## WHAT IS EXPECTED
Nothing but the lines below from the one with "ناشطون رصدوا عددا" through the one with "Niedlich Free Pig" should be output, each exactly as given, and no pictures.

## DATASET RECORDS
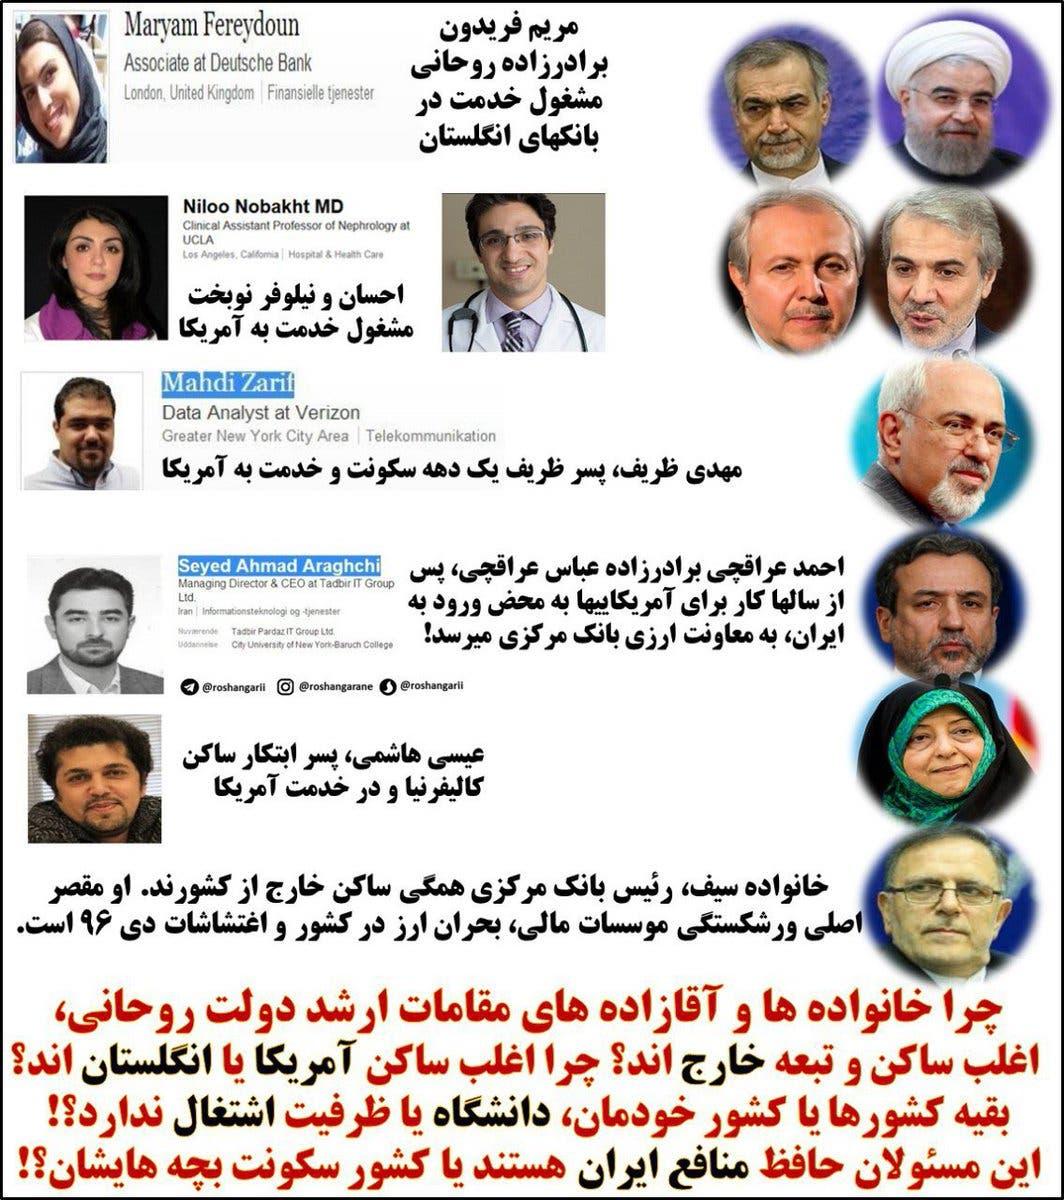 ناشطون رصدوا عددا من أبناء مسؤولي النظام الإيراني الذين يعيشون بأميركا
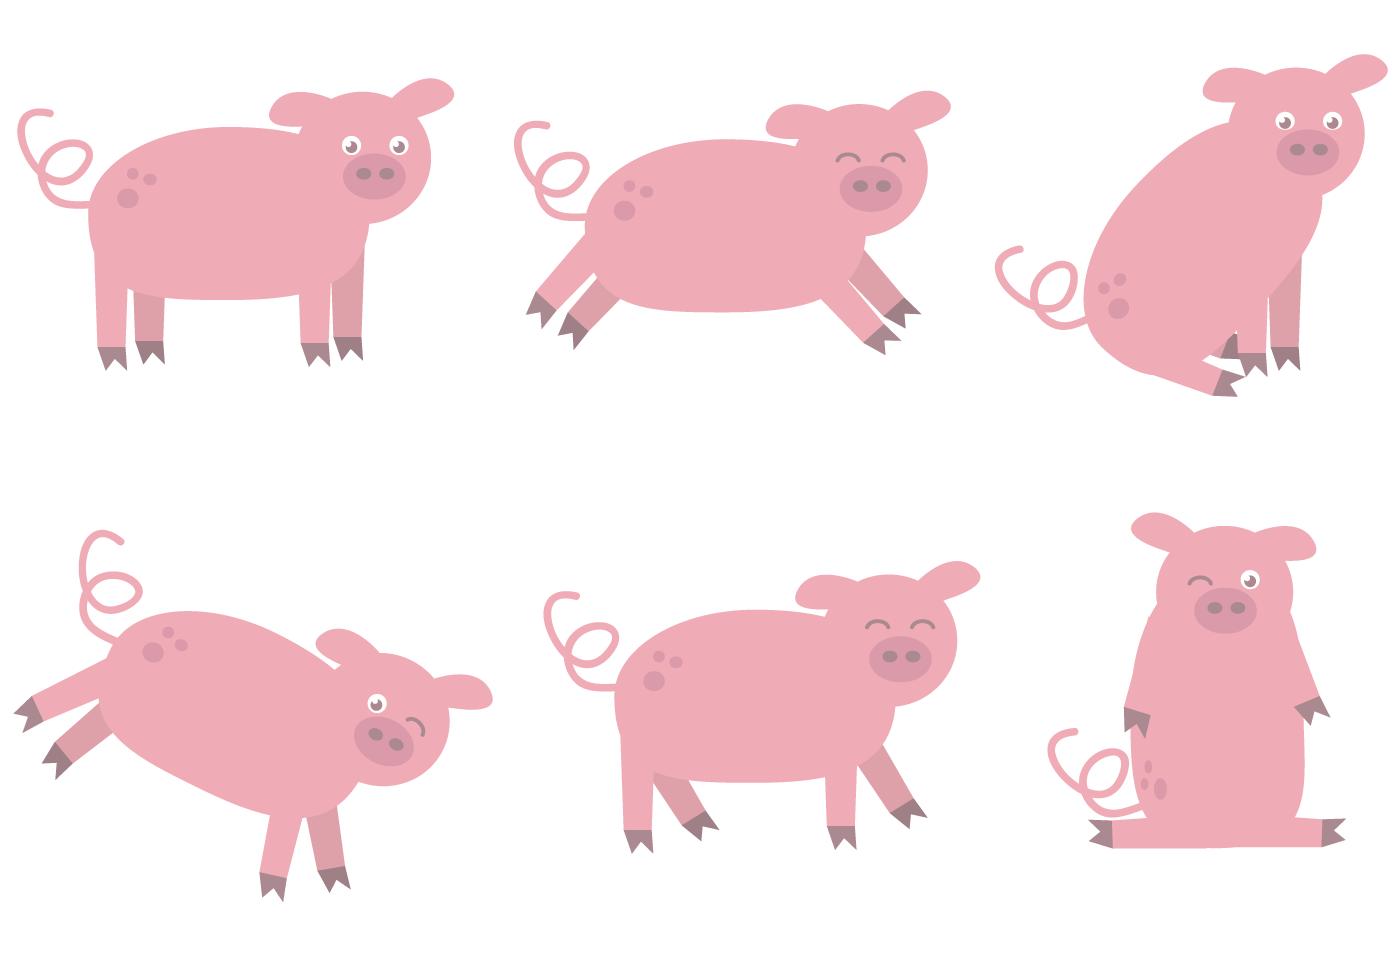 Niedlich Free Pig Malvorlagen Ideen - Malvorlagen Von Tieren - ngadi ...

* * *

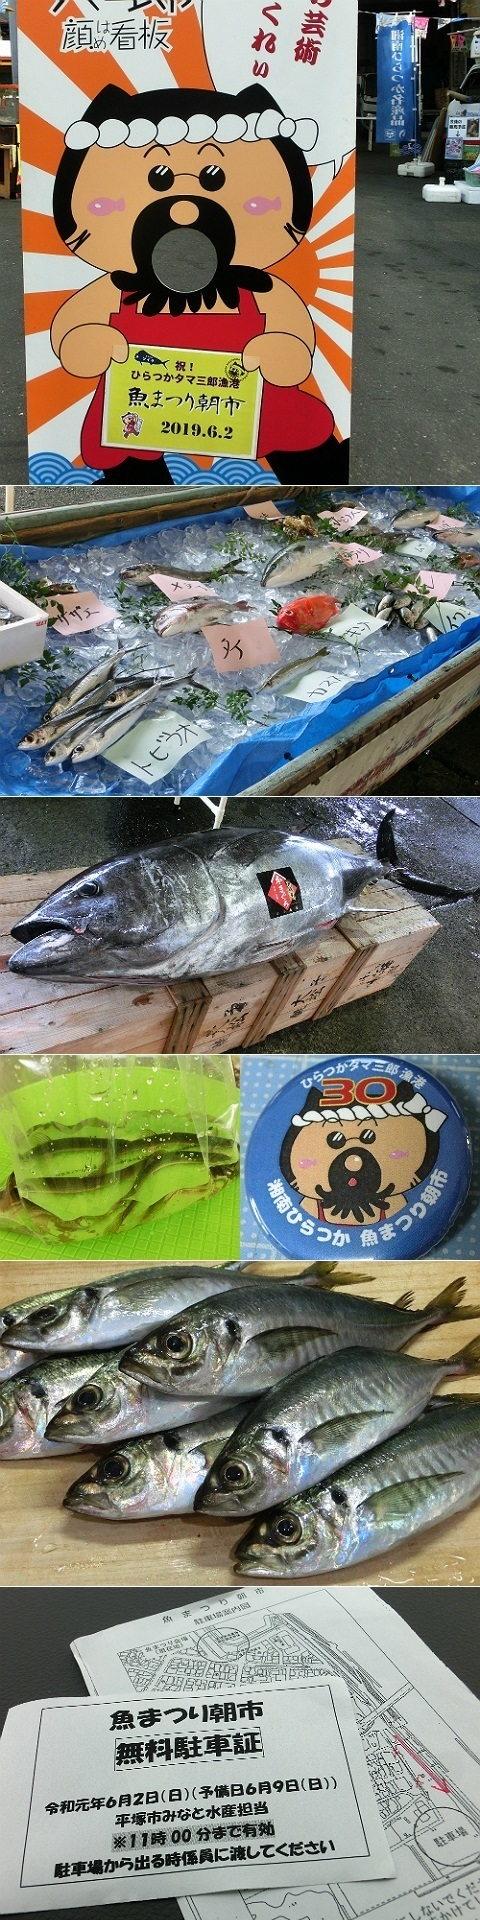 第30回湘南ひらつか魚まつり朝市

---

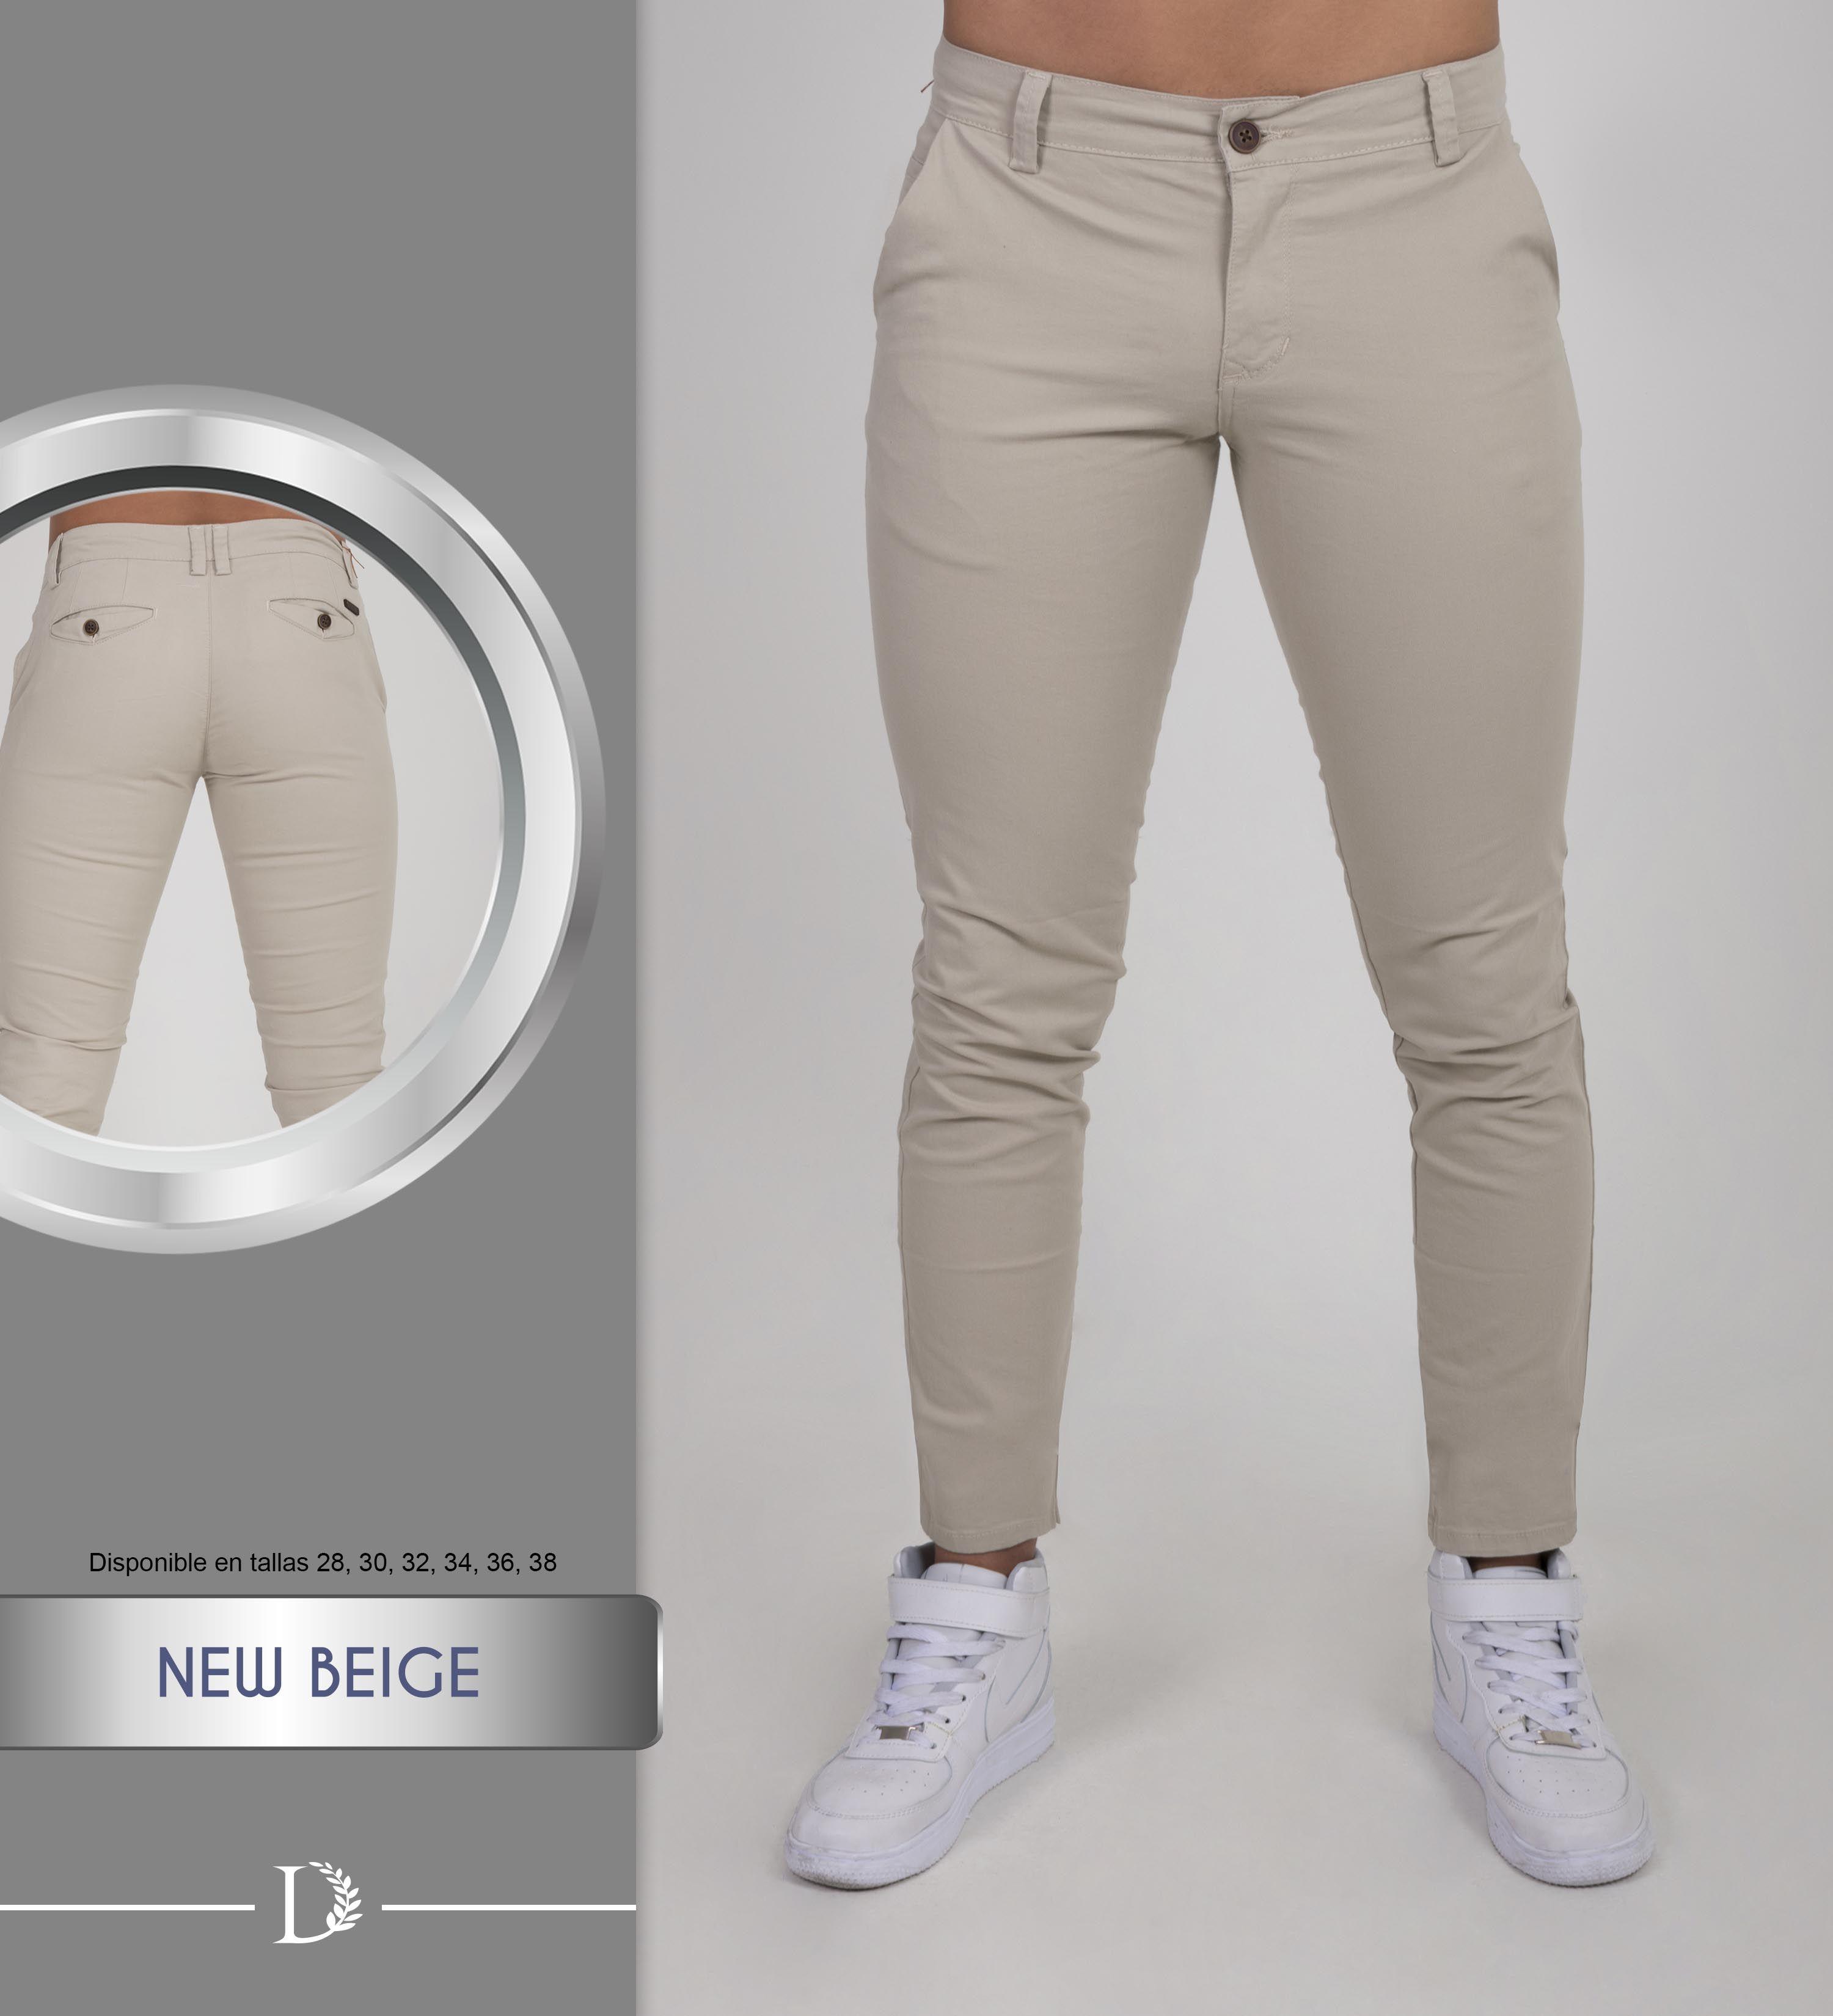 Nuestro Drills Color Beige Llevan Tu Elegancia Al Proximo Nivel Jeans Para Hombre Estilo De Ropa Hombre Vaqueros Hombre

## REPLY
 ناشطون رصدوا عددا من أبناء مسؤولي النظام الإيراني الذين يعيشون بأميركا
 Niedlich Free Pig Malvorlagen Ideen - Malvorlagen Von Tieren - ngadi ...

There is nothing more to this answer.